## Brief
An exact restatement of the entire listing is needed, excluding all images.

## The data
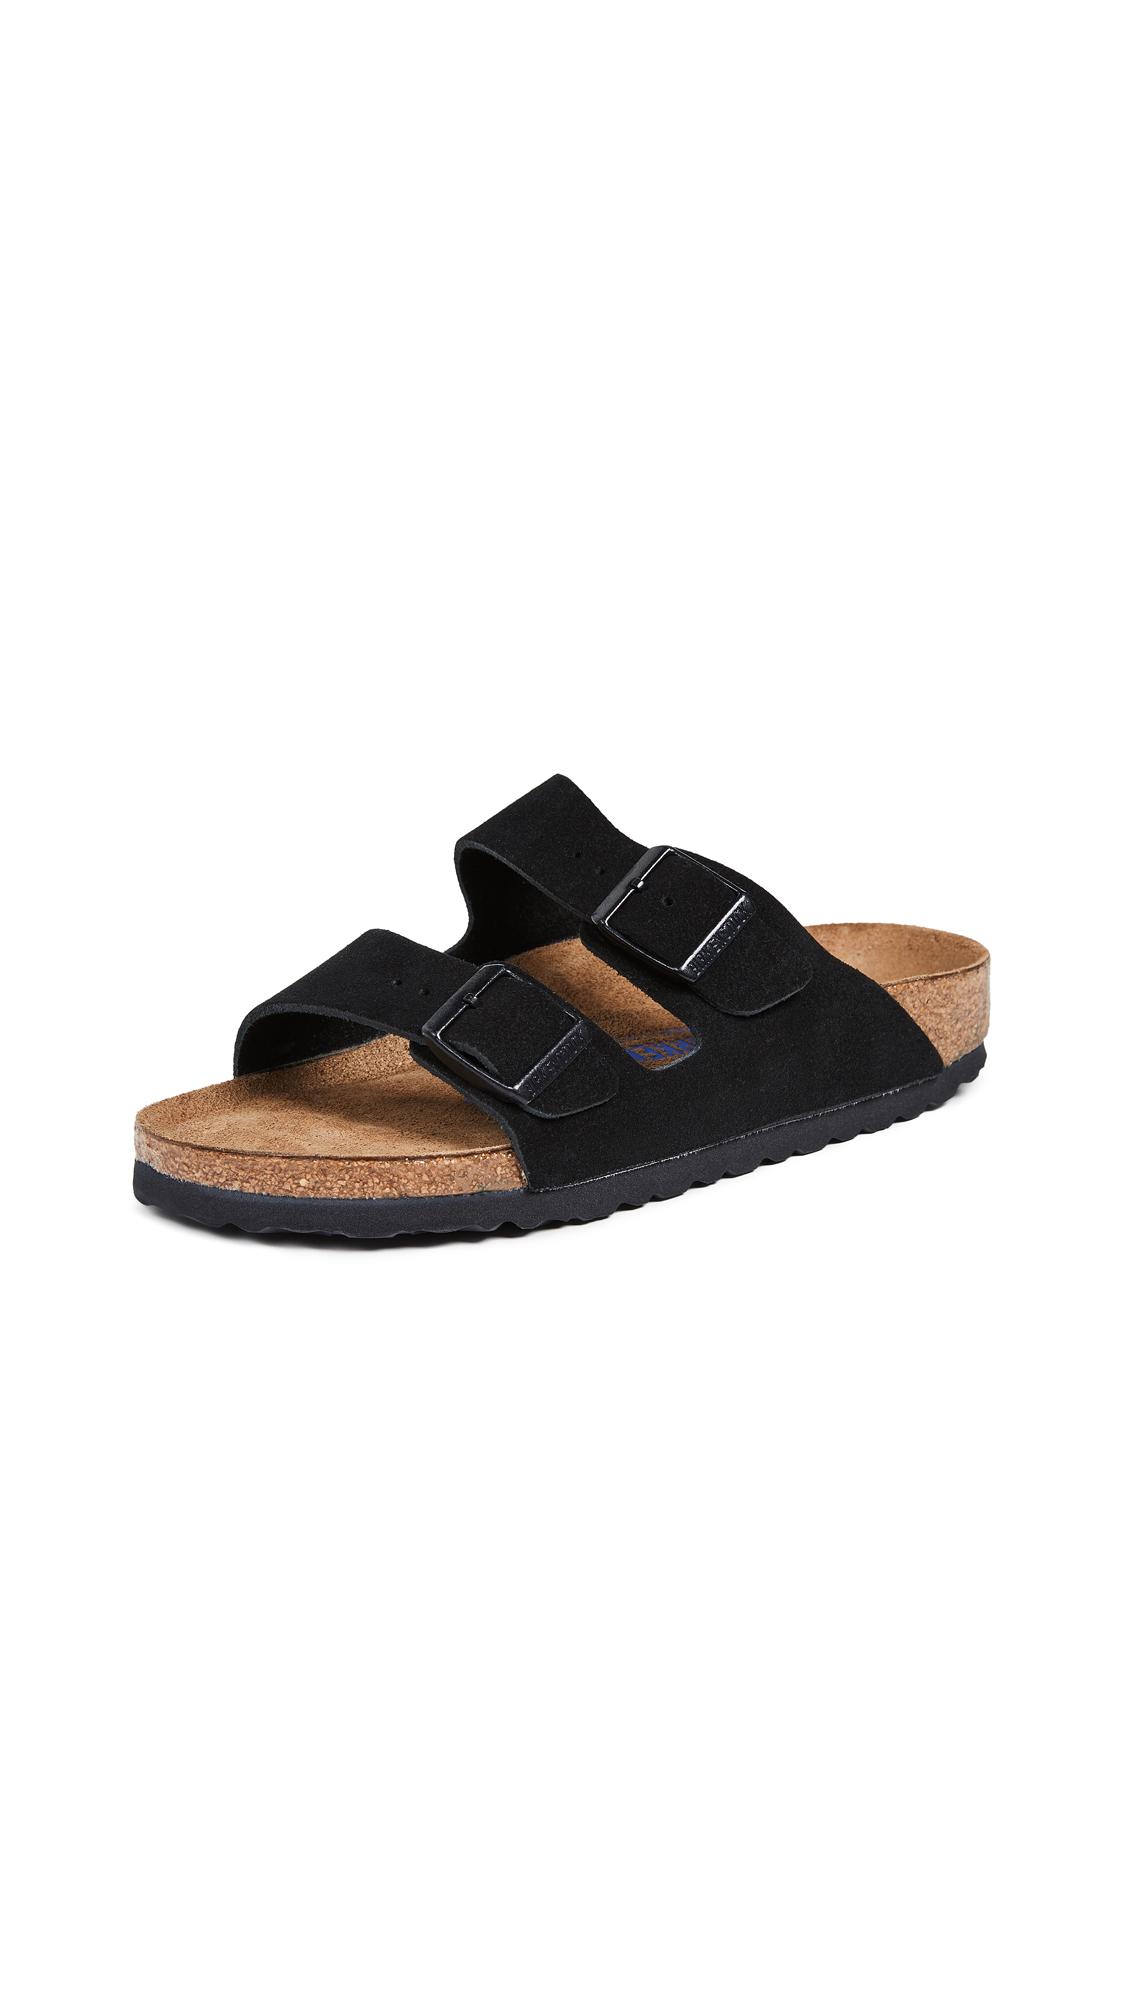 Birkenstock Arizona SFB Sandals - Black
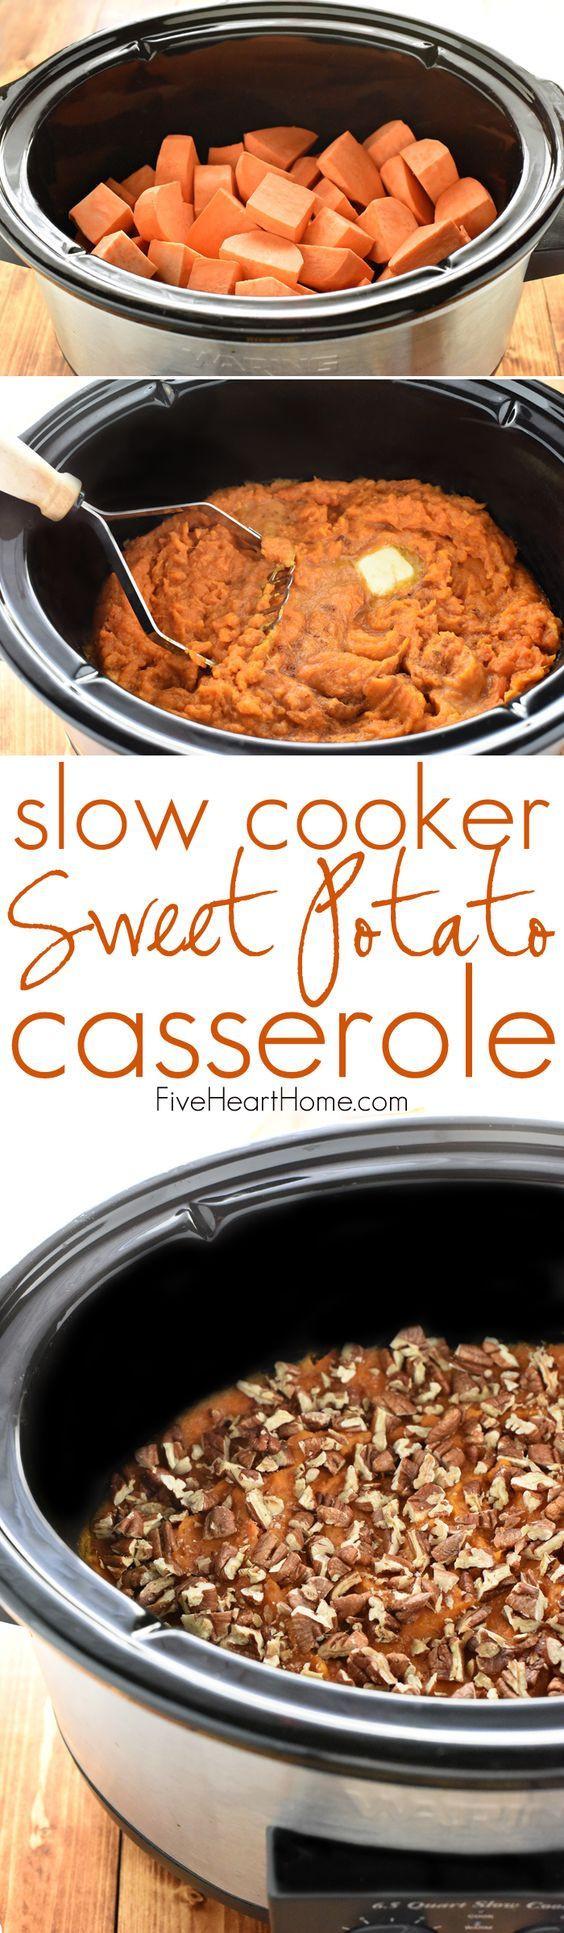 Crock Pot Thanksgiving Side Dishes  17 Best ideas about Thanksgiving Side Dishes on Pinterest
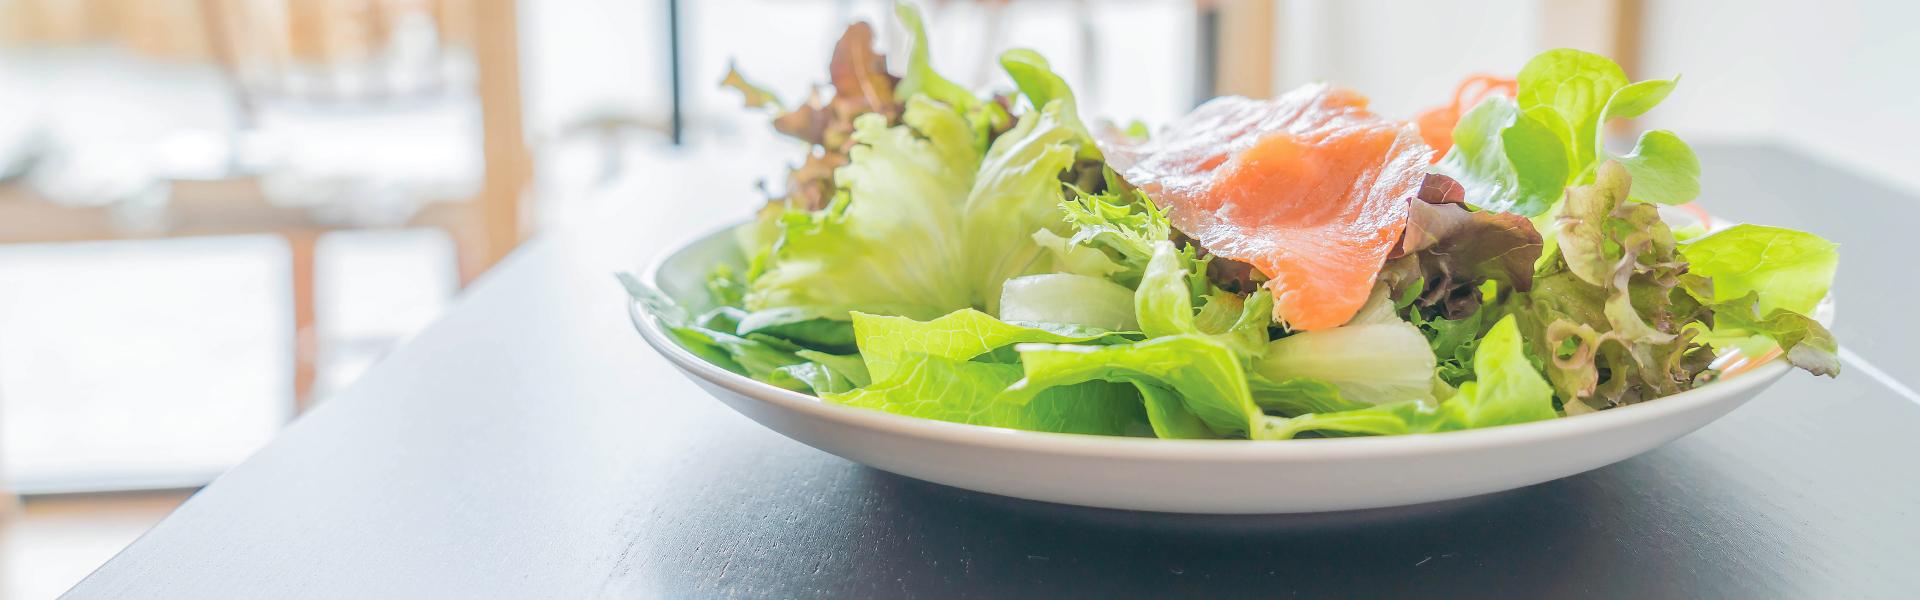 salade-slide-bg

## Answer to this task
 Birkenstock Arizona SFB Sandals - Black
 Crock Pot Thanksgiving Side Dishes  17 Best ideas about Thanksgiving Side Dishes on Pinterest
 salade-slide-bg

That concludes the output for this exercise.